2012 Independent Oil & Gas Outlook Written by Ian McLelland, Director, Sector Head Oil & Gas, Edison Investment Research


2011 was undoubtedly a difficult year for independent oil and gas companies, with the junior sector in particular suffering in the wake of tough economic conditions. In hindsight, this was partly a necessary correction from the euphoria of 2010 when equities clearly disconnected from fundamentals, while uncertainty over commodity prices and access to capital heaped further pressure on the sector. However, moving into 2012 there are clear signs of renewed interest, with three key issues in play that we see pointing to a more promising year ahead.


Fundamental Disconnects Will Act AsM&A Catalysts


Oil and gas stocks experienced almost continuous downward pressure during 2011, despite the robustness of crude prices. This was most in evidence in the junior sector, where high beta stocks were pilloried as risk-averse investors took flight from the sector, citing access to capital and an uncertain oil price outlook as key issues. As a result of this, when adjusted for crude prices, the AIM O&G Index at the end of 2011 traded at near-record lows. Asset values have never been cheaper. Entering 2012, this creates an interesting and healthy tension. Many companies that have struggled to get high-quality projects away are now looking over their shoulders at potential M&A vultures. Oil and gas resources do not just disappear into thin air, so when equity markets discount company values well below fundamentals it is only natural for more cash-rich third parties to move in. Premier’s acquisition of Encore and Ophir’s acquisition of Dominion were probably the two stand-out deals in the UK during 2011, and Ithaca may be next, having recently announced an acquisition discussions. However, we do not see M&A as the only reason for some upward share prices over the next 12 months.


More Stable Oil Outlook Easing Access To Capital


Oil prices remained resolutely high in 2011, as OECD demand concerns contrasted with supply issues in the wake of the Arab Spring. During 2012 we had expected a softening outlook as an anticipated supply surplus built on rapidly slowing demand growth coupled with firming production more likely to push down prices; however, EU sanctions on Iran and the knock-on threat to the Strait of Hormuz could well now flip things the other way. However, most critical for equities is a growing recognition from both lending banks and investors alike that a precipitous collapse in prices is unlikely in the near term and that price deck assumptions for investment and funding are significantly up on recent years.

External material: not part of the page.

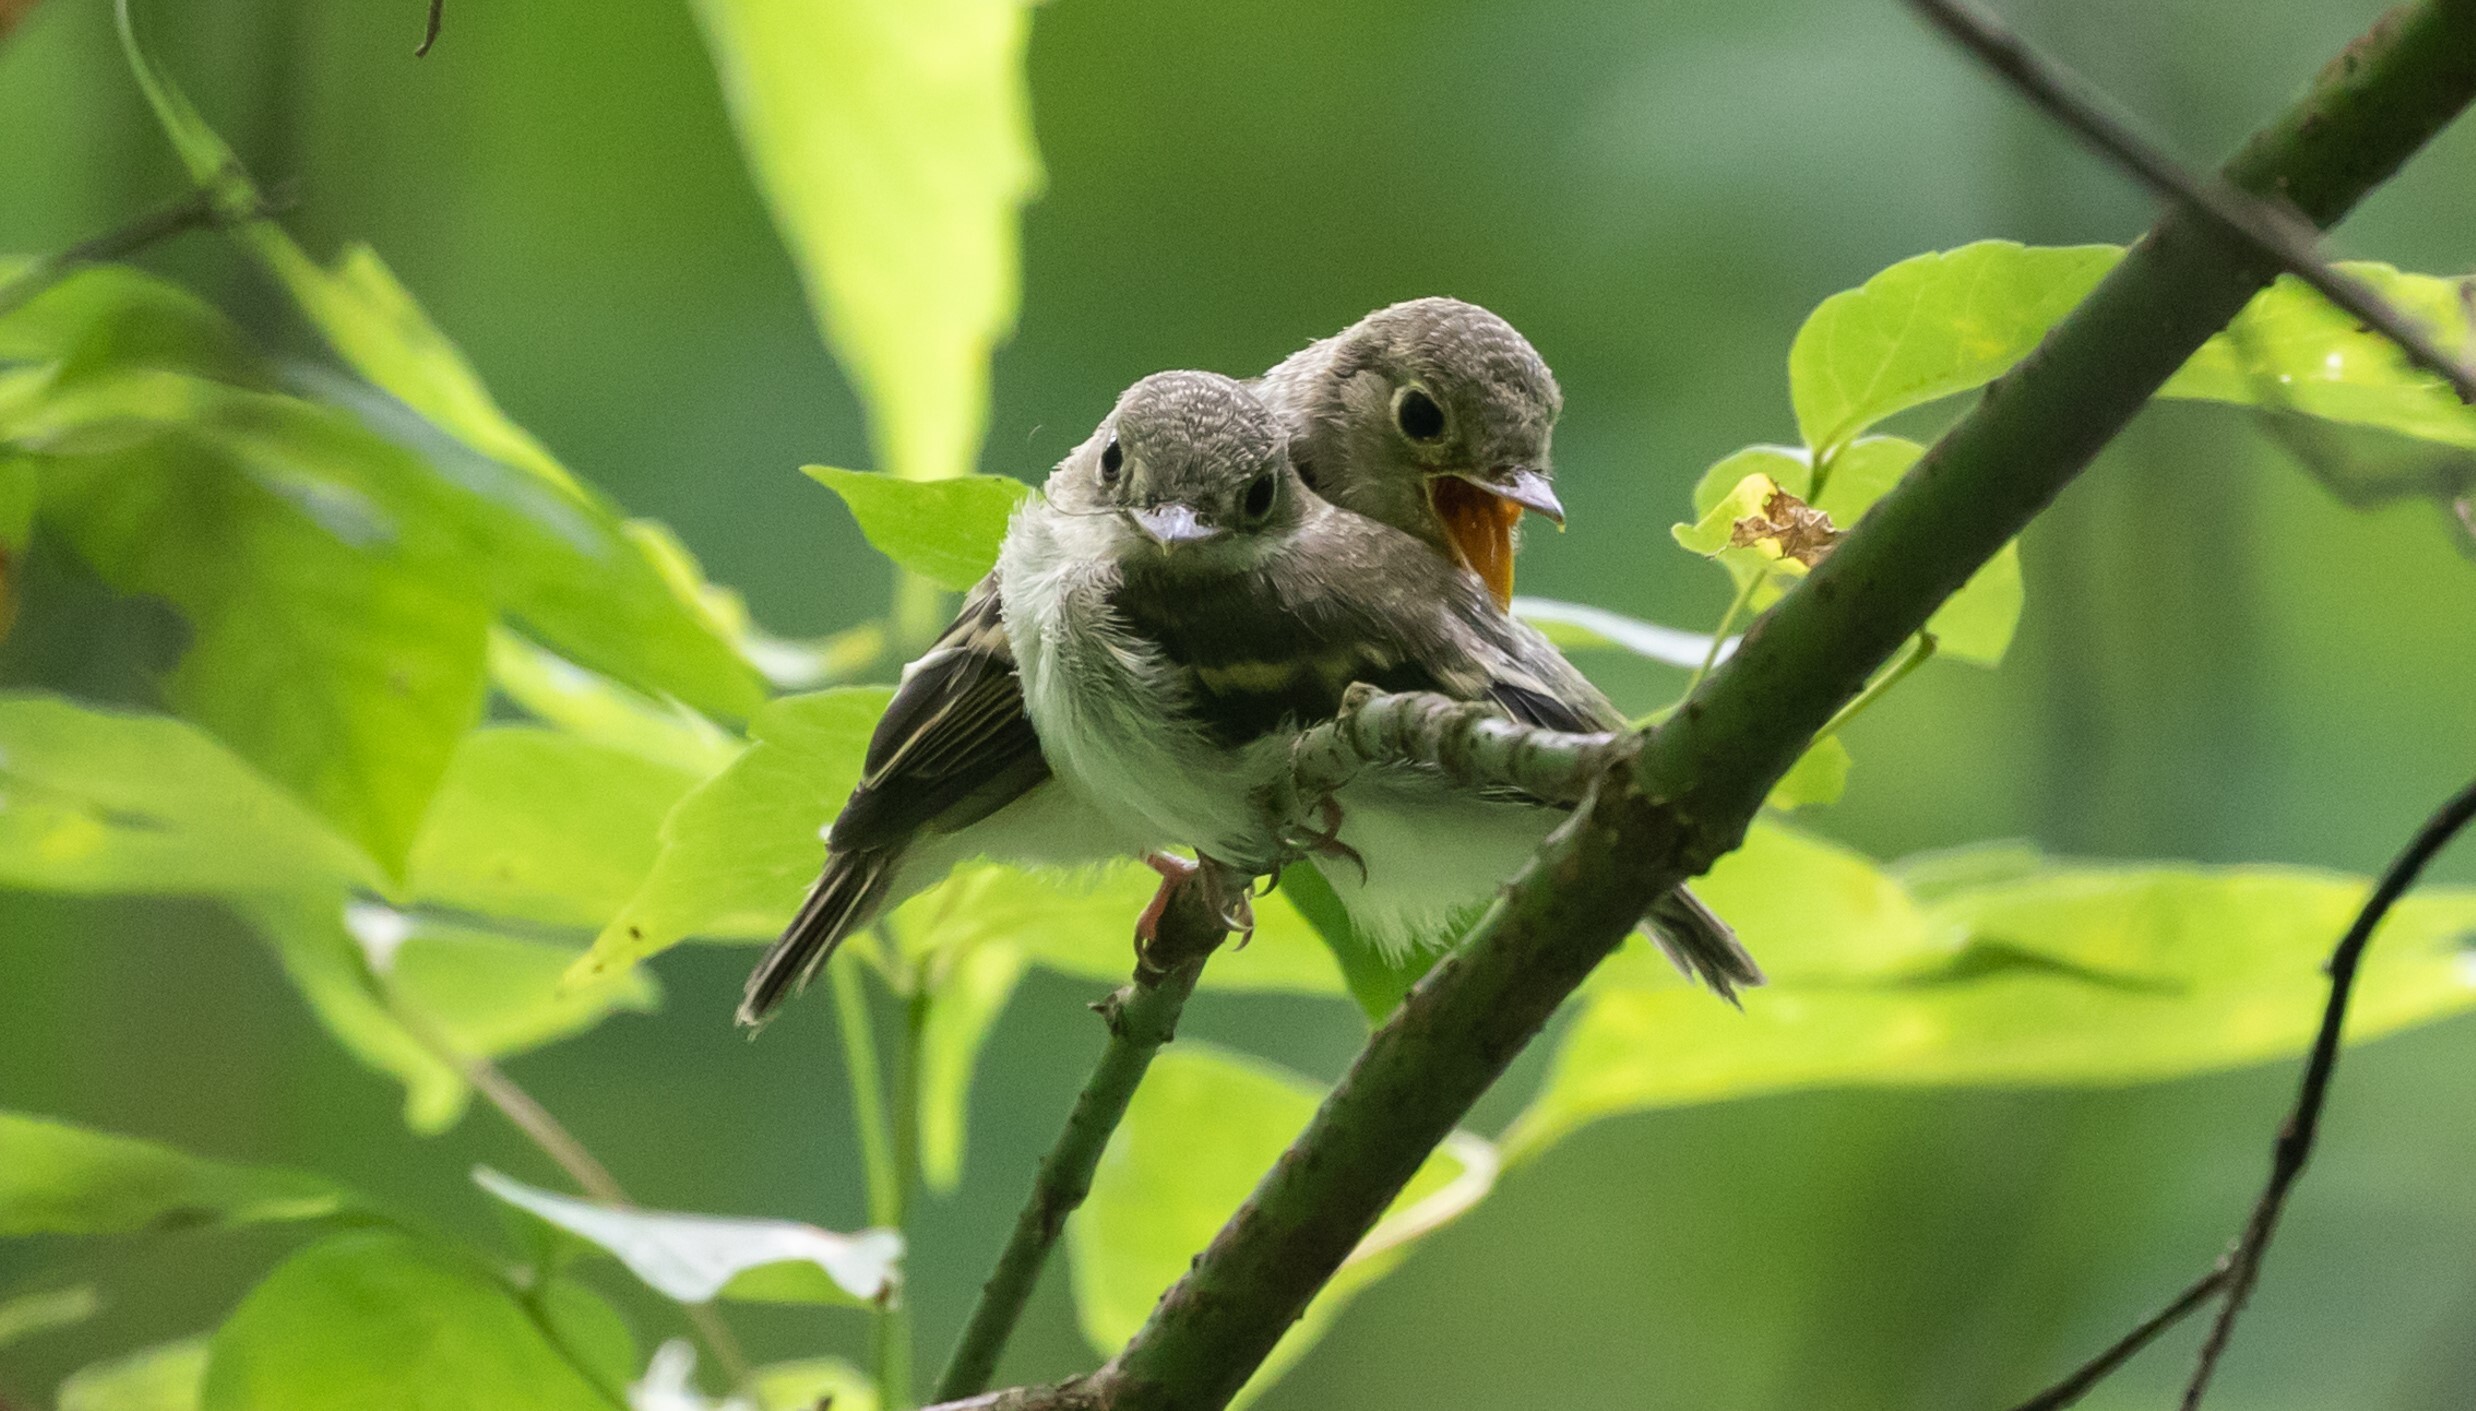 Acadian Flycatcher fledglings in Prospect Park. Photo: <a href="https://www.flickr.com/photos/144871758@N05/" target="_blank">Ryan F. Mandelbaum</a>
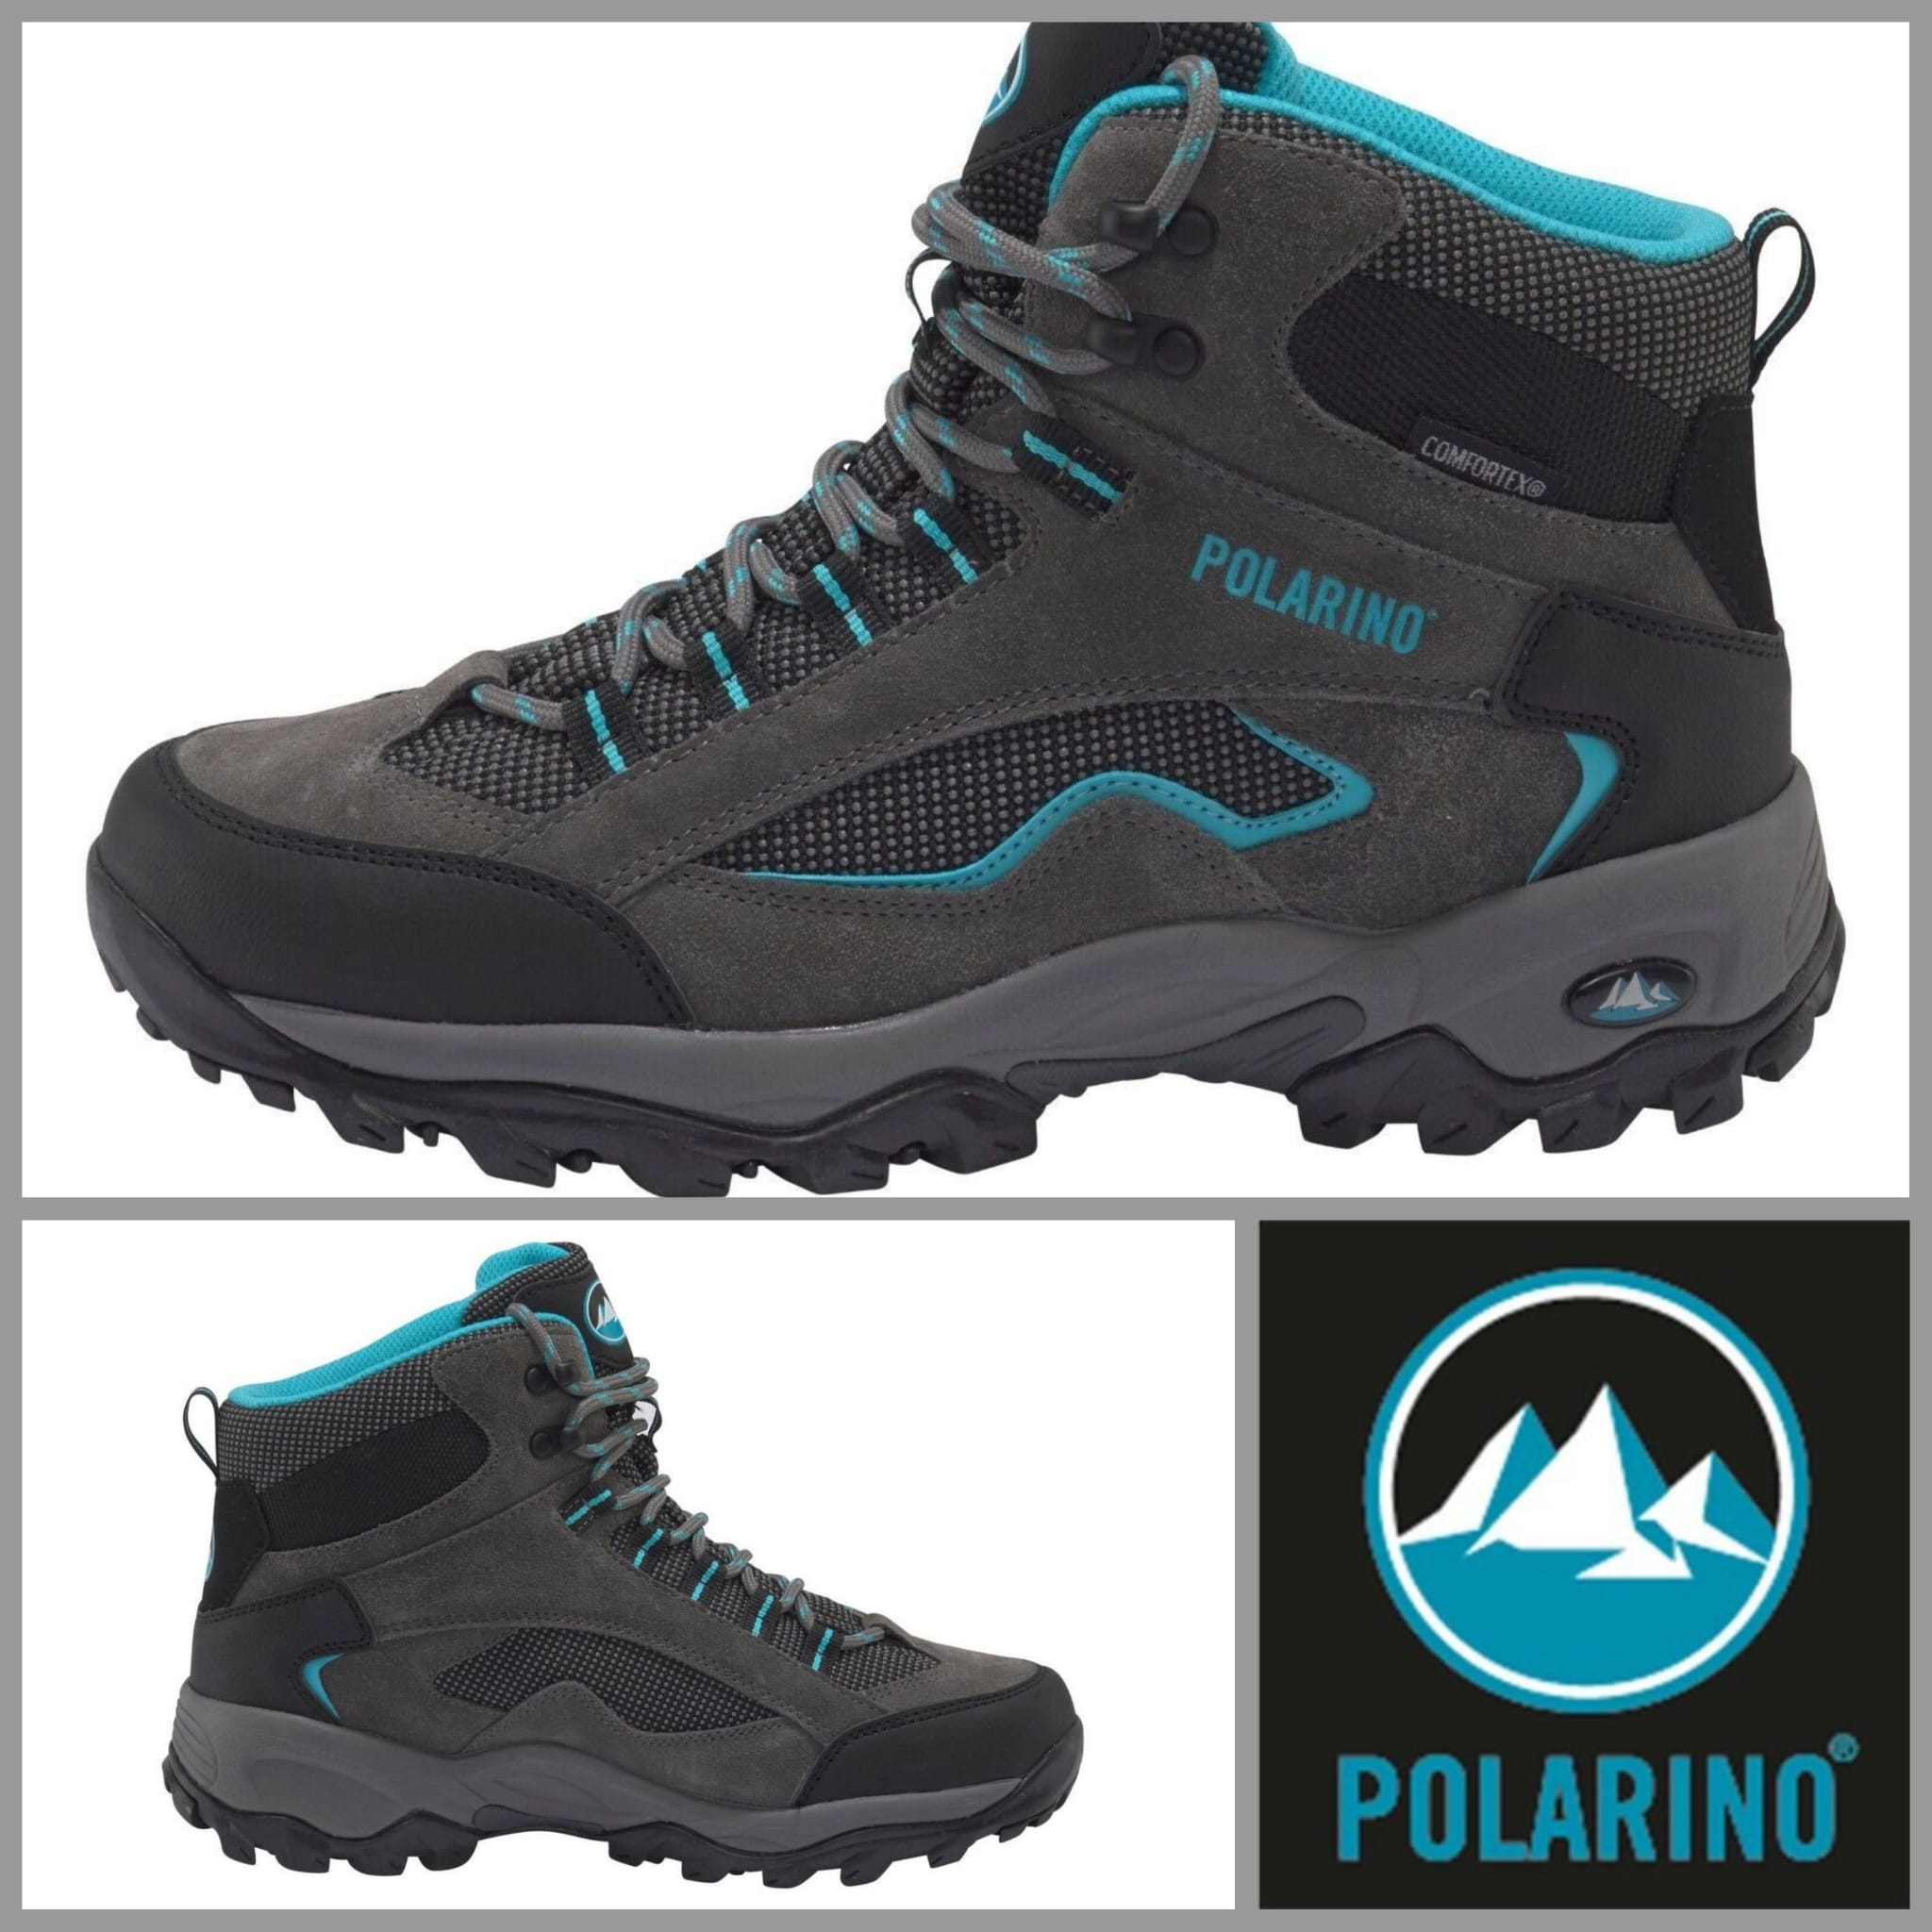 Polarino trekking boots

A recent survey of investment bank WTI price forecasts, excluding the Goldman Sachs hyper-bulls, indicated a consensus around $80-100/bbl in 2012, increasing to $90-120/bbl in 2013. Reserve-based lending price decks are also up as banks re-evaluate what they will lend on, although the halcyon days of 80-90% debt for developments are clearly behind us. Further out, BP’s recently published Energy Outlook 2030 continues to predict growing oil demand as part of its primary energy demand growth forecast of 1.6% pa. Overall, the commodity price outlook is more stable and this can only be good news for oil and gas independents struggling to get their prized projects off the ground.


Temporary Delays Mean No Shortage Of Excellent Projects


While perhaps not quite the hedge that gold is, oil and gas assets in the ground do not simply lose their value when times are tough. Good projects will always be revisited and we expect this to be very much the case in 2012 as funding becomes more accessible.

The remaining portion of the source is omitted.